時期 1月 2月 3月 4月 5月 6月 7月 8月 9月 10月 11月 12月
植え付け
植え替え
肥料
開花

トクサ(とくさ)の栽培環境

日当たり・置き場所

トクサ(とくさ)は真夏の直射日光が苦手の為、西日や直射日光が当たらない明るい日陰が理想的です。真夏以外の季節は日のあたる場所で育てた方がよく育ちます。

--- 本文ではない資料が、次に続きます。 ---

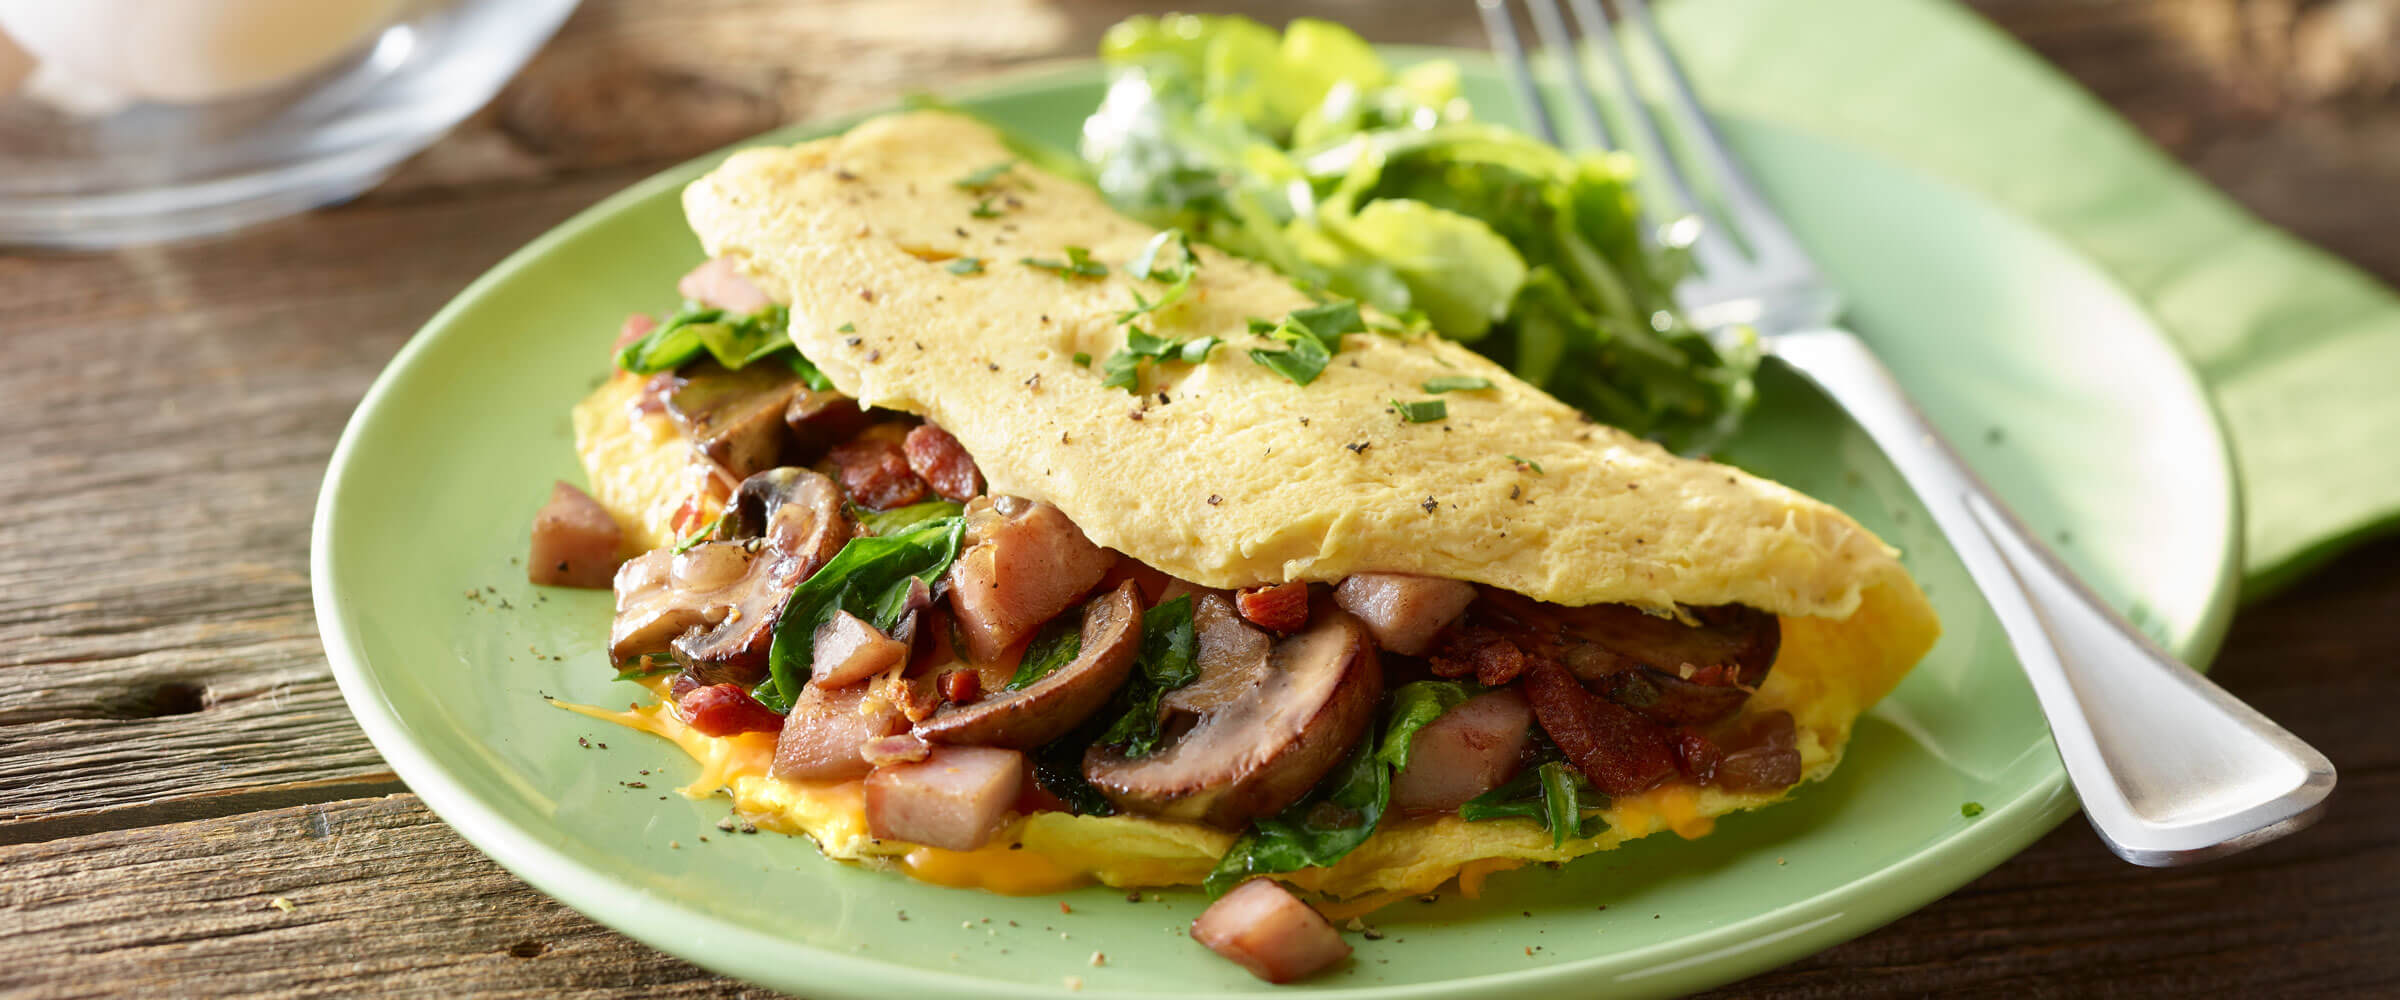 Bacon, Ham and Cheese Omelet with mushrooms on green plate

耐陰性もあるので、日当たりが良くない場所でも育てる事が出来ます。

温度

トクサ(とくさ)は耐寒性はありますが、0℃以下にならない様に気をつけましょう。冬に霜がおりないような暖地ならば屋外での越冬が可能です。それ以外の地域では屋外で育てる場合、気温が5℃ぐらいから室内に取り込んで下さい。気温が10℃前後になると生長が緩慢になります。

用土

トクサ(とくさ)の用土は水はけのよい土であれば、特に選ばず、どんな土でも良く育ちます。

トクサ(とくさ)の育て方のポイント

水やり

トクサ(とくさ)は乾燥には耐えられる植物ですが、湿地性のため、極端な乾燥を嫌います。春~秋にかけての生長期は土の表面が乾いたらたっぷりと水を与えましょう。冬はあまり生長しないため、水やりは少なめで土の表面が乾いてから3日くらいたってから与えるようにしましょう。

肥料

トクサ(とくさ)は基本的に肥料は無くても良いのですが、与えた方が生長がはやくなります。
冬場の生長が緩慢になるときに肥料を与えてしまうと肥料焼けをする可能性があるので、春~秋の生長期に与えるようにしましょう。
肥料の種類は適切な濃度に希釈した液肥を10日に1回与えるか、緩効性の置き肥を与えてください。
有機肥料ではなく、化成肥料を使うことでコバエの発生を予防することができます。

病害虫

トクサ(とくさ)は特にかかりやすい病気やつきやすい虫はいません。冬場に霜に当ててしまうと枯れてしまうことがあるため、その点を注意しましょう。

トクサ(とくさ)の詳しい育て方

選び方

トクサ(とくさ)を買う時は必ず病害虫に注意してください。
ハダニやアブラムシ等が付着している株を買ってしまうと、後々トクサが弱ってしまったり、他の植物へ付着してしまう可能性があります。
茎が曲がっておらず、真っ直ぐ伸びているものを選びます。また茎は通常枝分かれをしませんが、先端が痛んでいると枝分かれすることがあります。そのため枝分かれしている茎がないか確認しましょう。

植え付け

トクサ(とくさ)は植え付けは4月~7月の暖かい時期に行うのがおすすめです。 7月以降に植え付けを行う場合は猛暑日は避けるようにします。

 

剪定・切り戻し

トクサ(とくさ)は特に剪定や切り戻しの必要ありません。

植え替え・鉢替え

トクサ(とくさ)は植え替えをしないでいると鉢が根でパンパンになってしまい根詰まりを起こしてしまいます。
そのため、環境にもよりますが1~2年に1度1回り大きい鉢に植え替えをする必要があります。
水はけの良い土を使って植え替え、鉢底にはしっかりと鉢底石を入れてください。
植え替え時期は4~7月頃が最適です。

トクサ(とくさ)の花は7~8月に綿棒の先のような、楕円をした茶色の花がつきます。

夏越し

トクサ(とくさ)は夏の直射日光と西日が苦手の為、直射日光が当たる場所で育てている場合は、寒冷紗などで日よけをすると良いでしょう。

冬越し

トクサ(とくさ)の冬越しは0℃以上で、凍らせなければ冬越しする事が出来ます。冬場はよく日の当たる場所で管理しましょう。

増やし方(株分け、挿し木、葉挿しなど)

トクサ(とくさ)は植え替えを兼ねて株分けで増やします。まず株を抜き出して、地上の茎を2、3本つけた状態で地下茎をナイフやハサミで切り分けます。植え替えの時期は春ごろがお勧めです。この他にも挿し木で増やすこともできます。トクサは切り花にしたものを水につけているだけで発根する、と言われるくらい挿し木しやすい植物です。挿し木の方法は、トクサの茎を切り取り、しばらく水につけた後、湿らせた土に挿し、日の当たらない場所で発根するまで管理しましょう。